25 years of the WTO—Causes of Decay and Reform Proposals for the Future
The World Trade Organisation (WTO) has brought very significant rewards to the international community. In small, open economies like the Netherlands, about a quarter of the wealth per capita depends on the WTO's trading system, while in Germany it is about five percent. But the multilateral trade order is in a deep, existential crisis, because the WTO is not designed for geostrategic rivalry between its members. There is no simple solution. The WTO must reinvent itself, only in this way can the world community be spared to fall back into poorer times.
When, on 15 April 1994, GATT members agreed on the Marrakesh Declaration which led to the creation of the WTO, there was a shared vision of the geopolitical landscape of the future. After the end of Soviet-style communism, it was generally assumed that all countries would gradually develop into a broadly similar model of democratic market economies. The only remaining superpower, the United States, was to provide the world with a liberal world order modelled on its own.
System competition between East and West, as it has been known until now, would then be a thing of the past and the international economic order would not suffer from fundamental geopolitical disagreements, since the economic and humanitarian value systems of the political actors would have converged. However, this hope has not materialized, as demonstrated by the current system-competition between the democratic, market-oriented capitalism of the "West" and the autocratic state capitalism of some emerging countries such as China.
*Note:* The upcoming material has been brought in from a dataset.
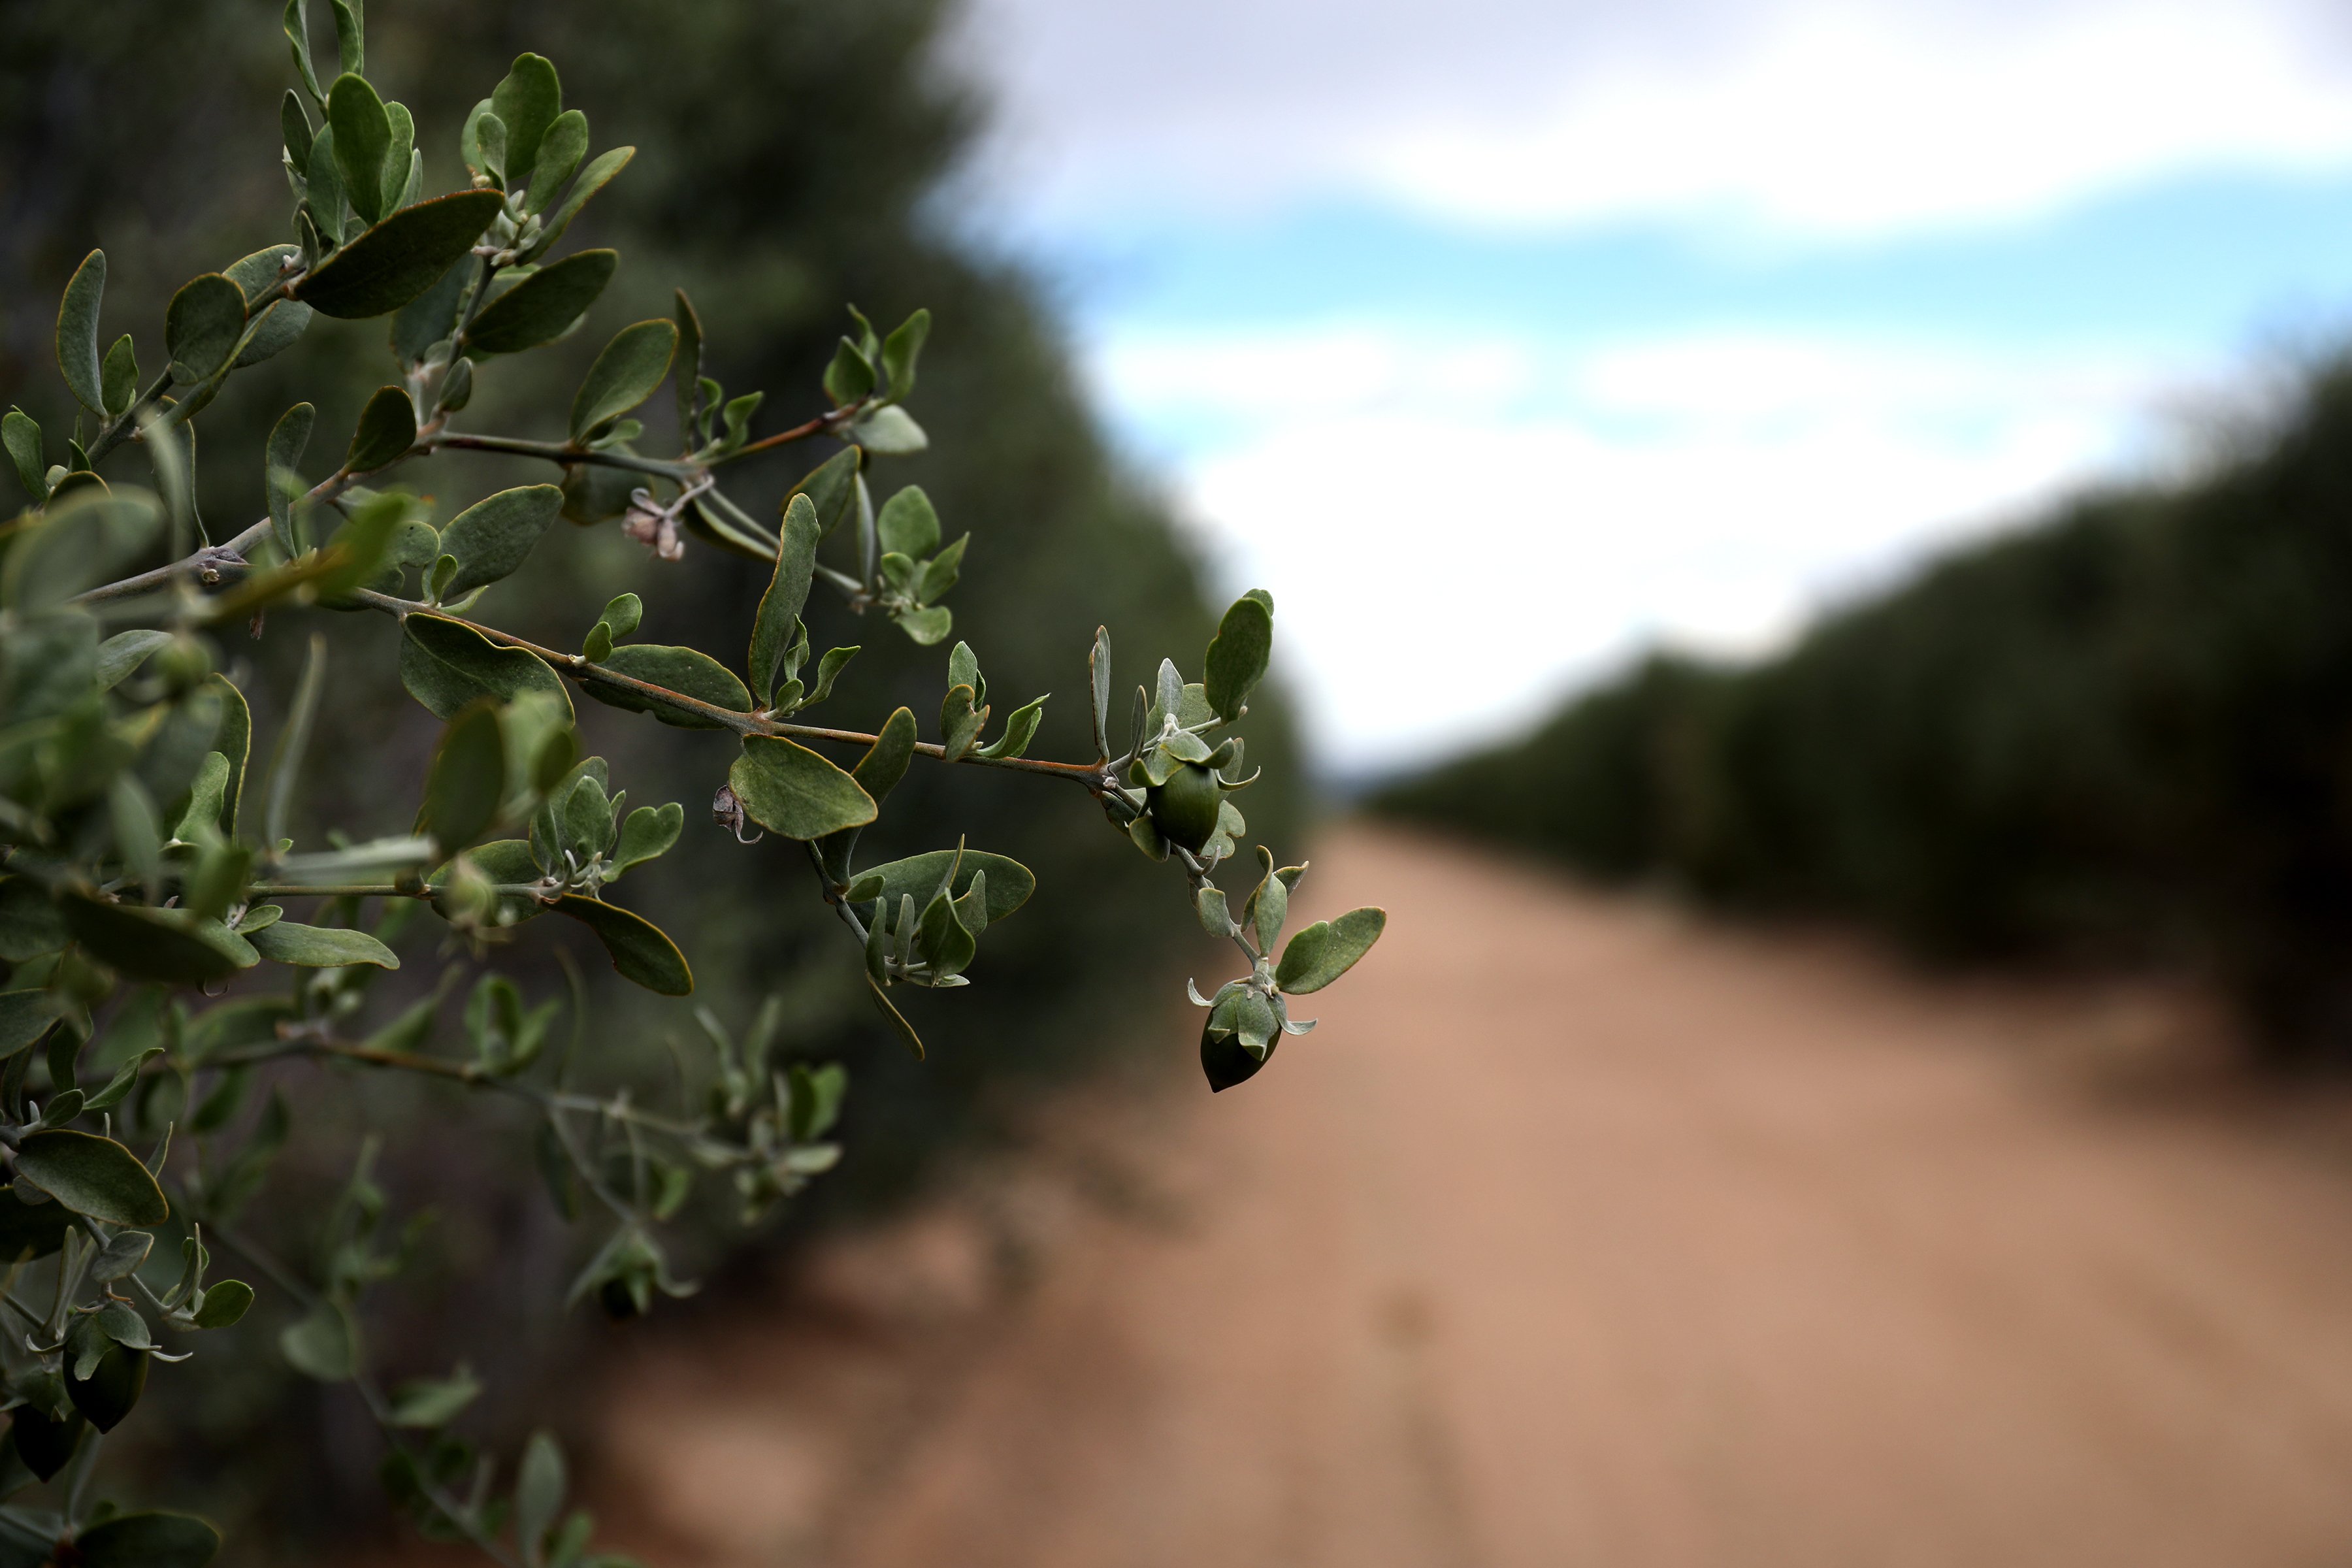 The young leaves of a jojoba shrub jut out into the crop row under the hot Arizona sun.

This is where the fundamental problem of the WTO originates. Today the organization has 164 members, ranging from extremely poor to extremely rich countries, from some of the world's most terrible autocracies to model democracies, from illiberal closed economies like Venezuela to very liberal ones like Singapore. And even countries with very similar institutional structures can pursue very different interests within the WTO.
Since the WTO is a member-based institution, each of its members has an equal right of veto. The enormous heterogeneity and the systems-competition among large members such as the United States and China renders agreement on a uniform set of rules extremely complicated. Economically, fundamentally different approaches compete within the WTO, for example with regard to the legitimacy of subsidies or the question of monopoly power.
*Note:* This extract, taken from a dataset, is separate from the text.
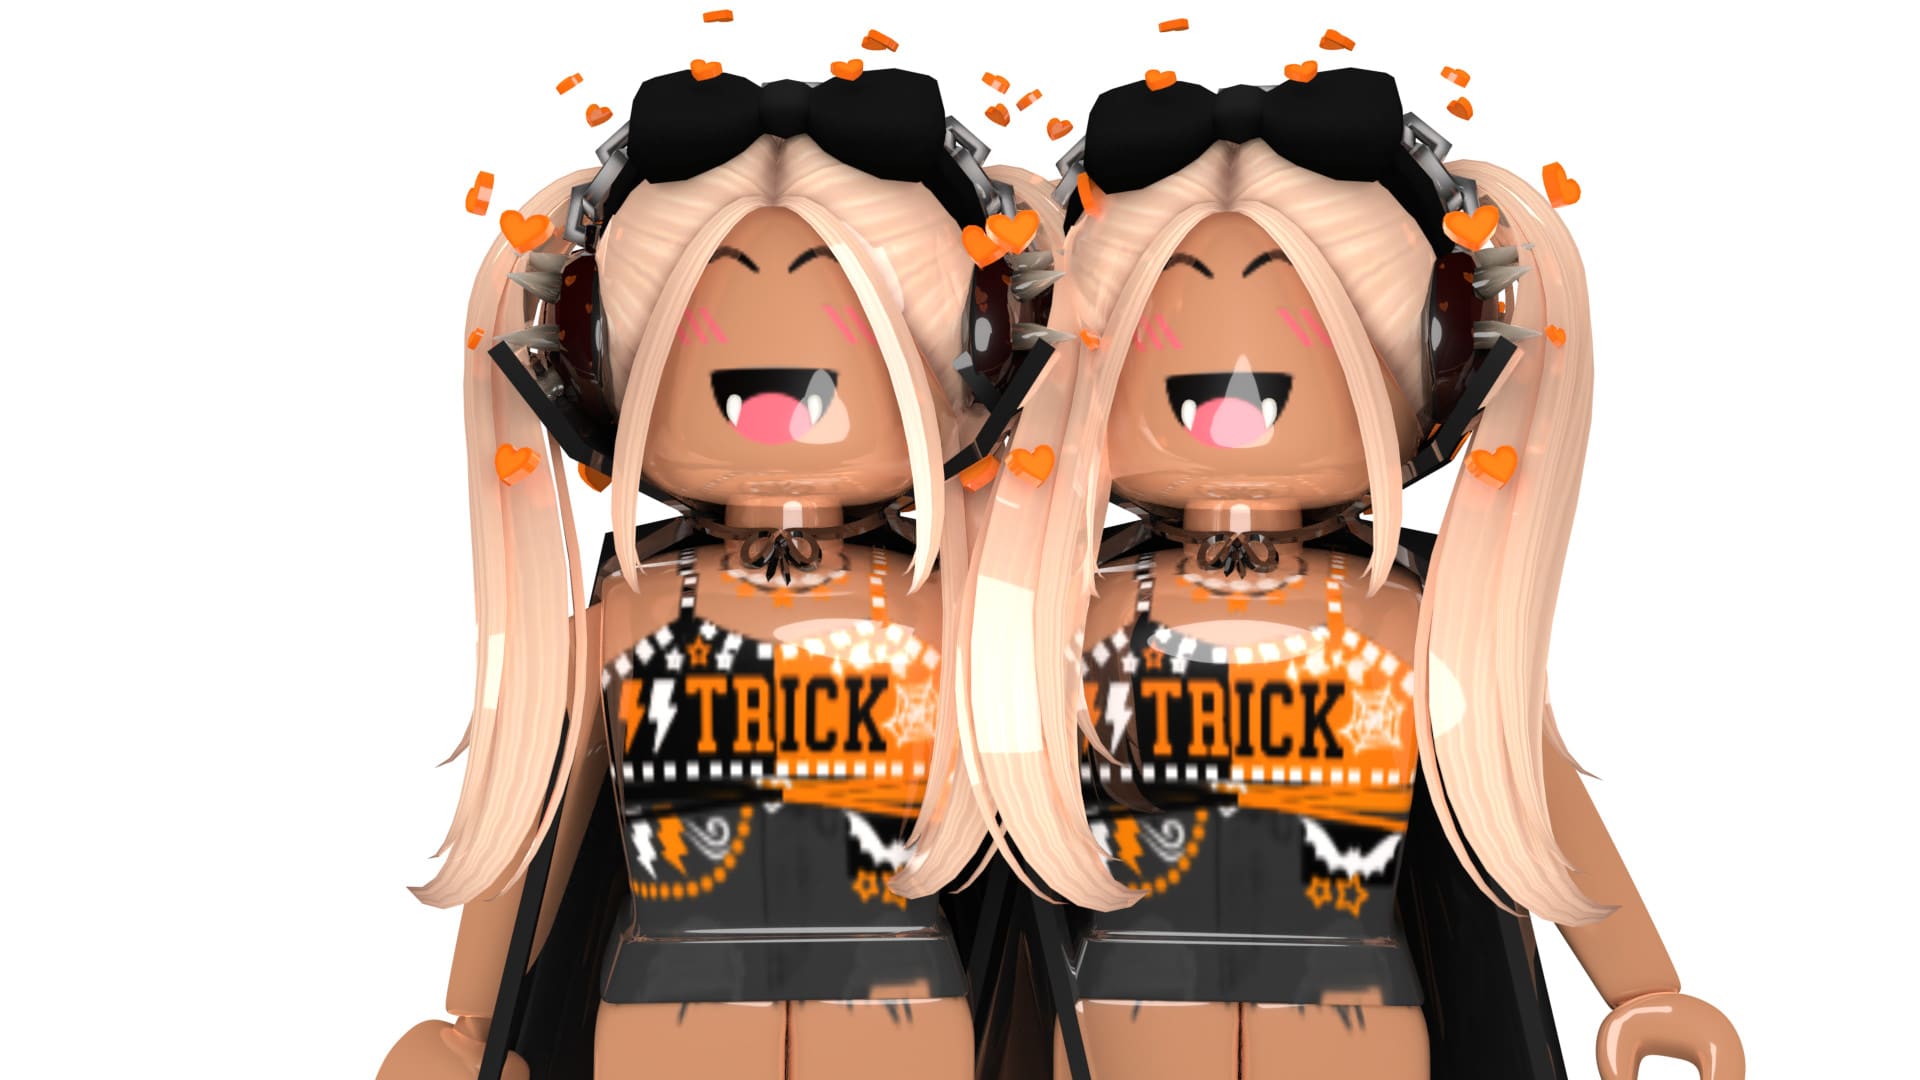 girl #roblox #gfx #png #stickers #shopping #chanel - Roblox Gfx Girl  Aesthetic, Transparent Png, png download, transparent png image

In addition, the political divergence within the WTO was accompanied by a convergence of economic power. The GDP of the G7 countries has fallen in relation to global GDP from almost 65 percent in the early 1990s to less than 40 percent today. The economic rise of the "non-G7" countries was driven by the integration of former low-wage countries into the global value-added system. Contrary to hopes, however, economic convergence did not also lead to political convergence.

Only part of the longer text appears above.